--- DATA SHOWN Enclosed Below ---

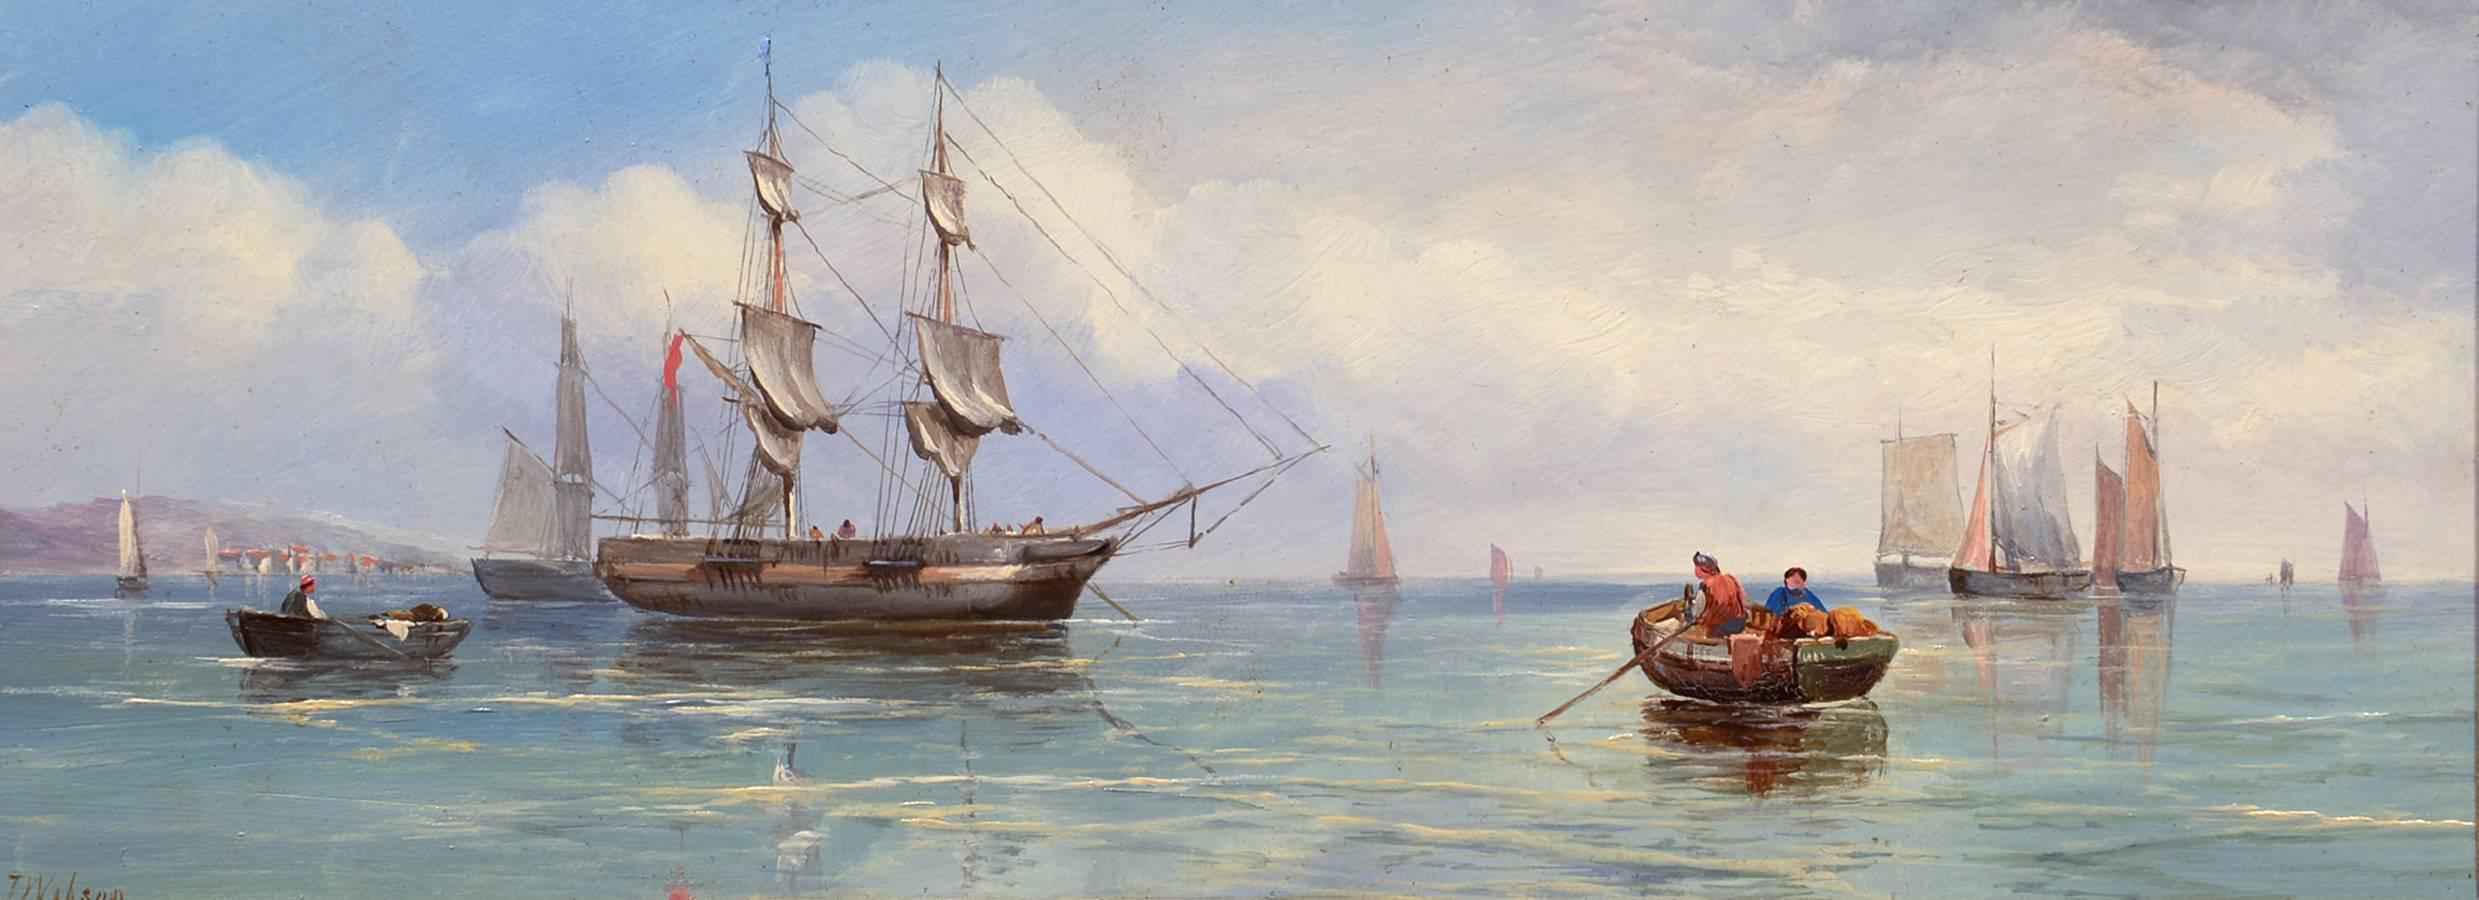 John James Wilson Landscape Painting - Calm Morning at Sea
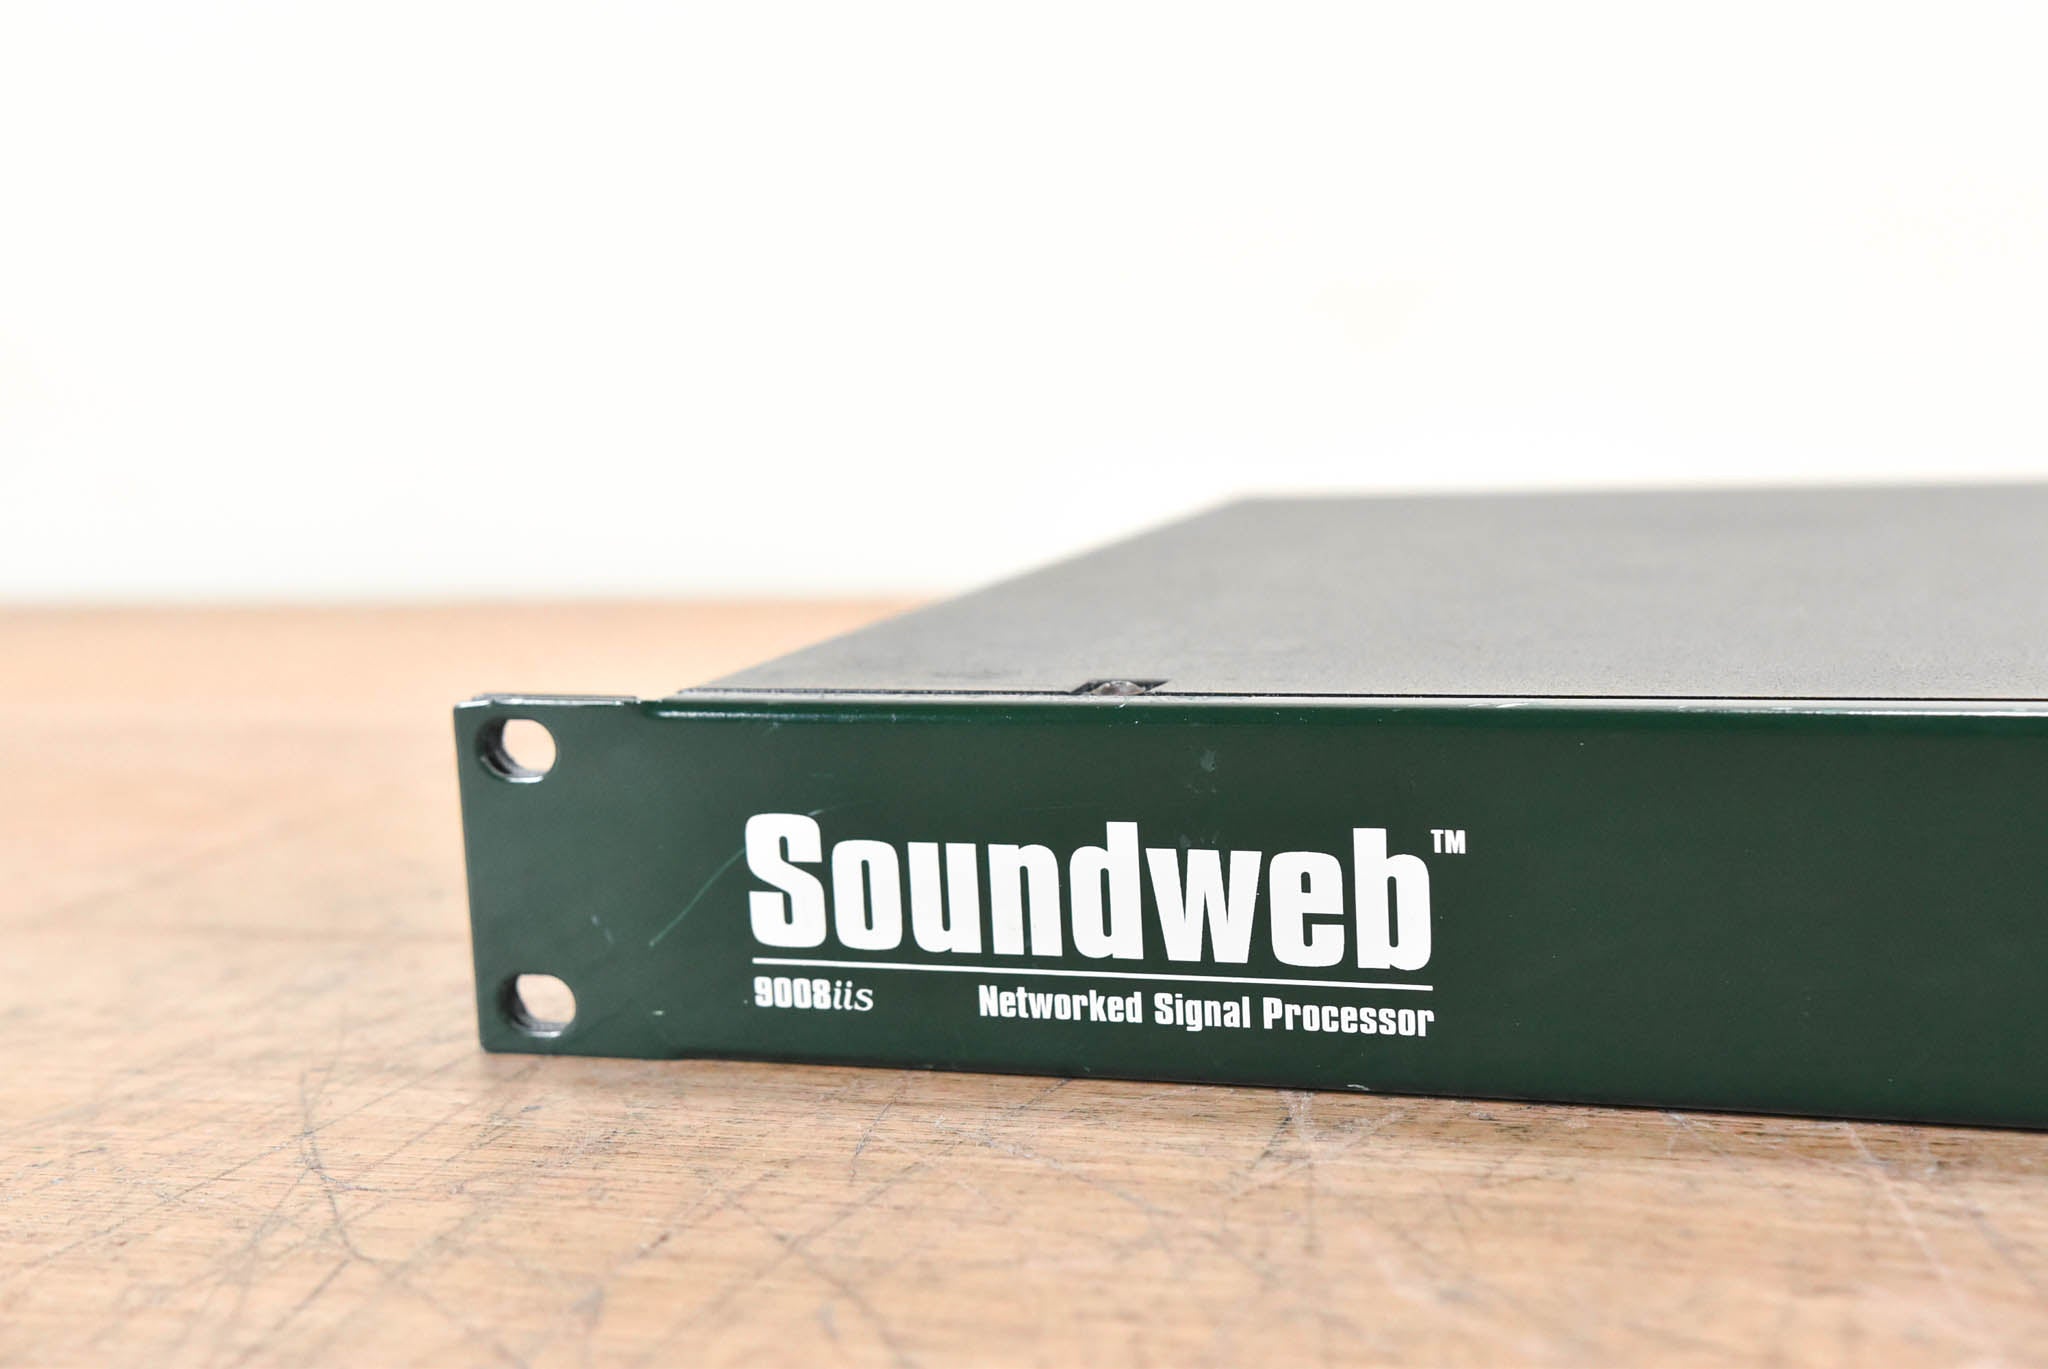 BSS Soundweb 9008iis Networked Signal Processor
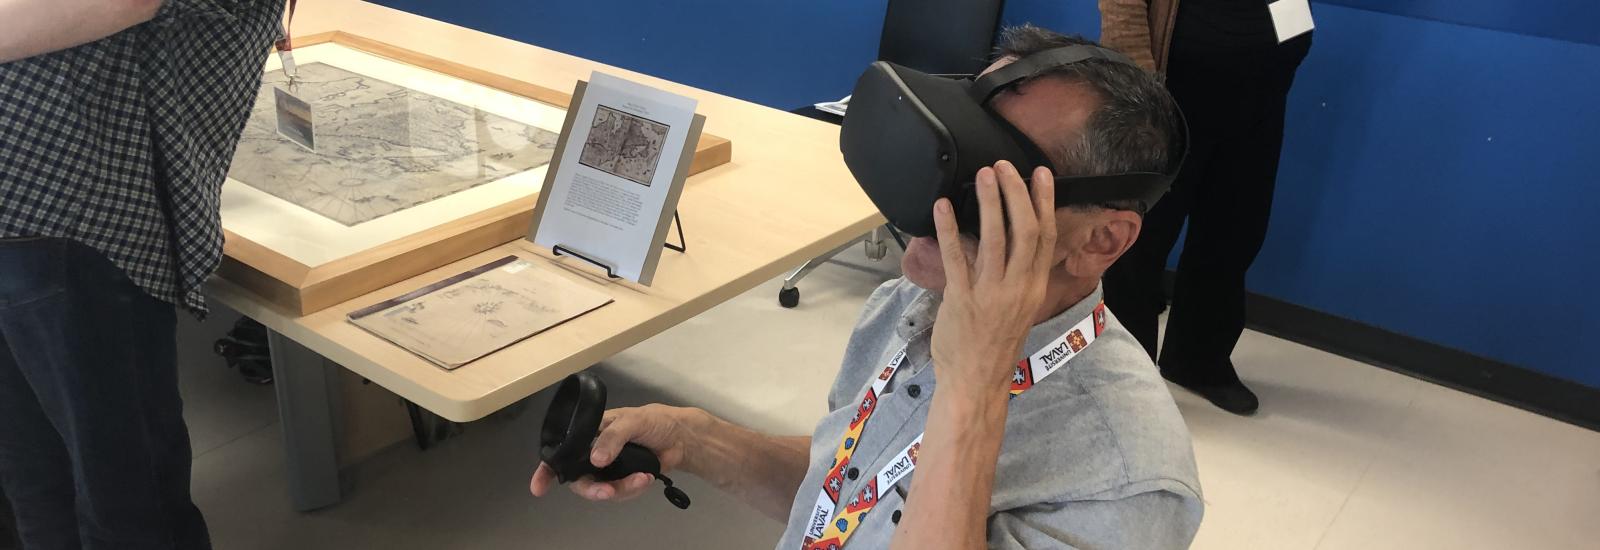 man in a light gray shirt using a VR headset

--- End of Enclosed DATA SHOWN ---

◆ **WHAT TO DO**
Lines from the one with "BSS Soundweb 9008iis" through the final line of the listing above: copy them exactly, both ends included, and omit every picture.

◆ **ANSWER**
 BSS Soundweb 9008iis Networked Signal Processor
 man in a light gray shirt using a VR headset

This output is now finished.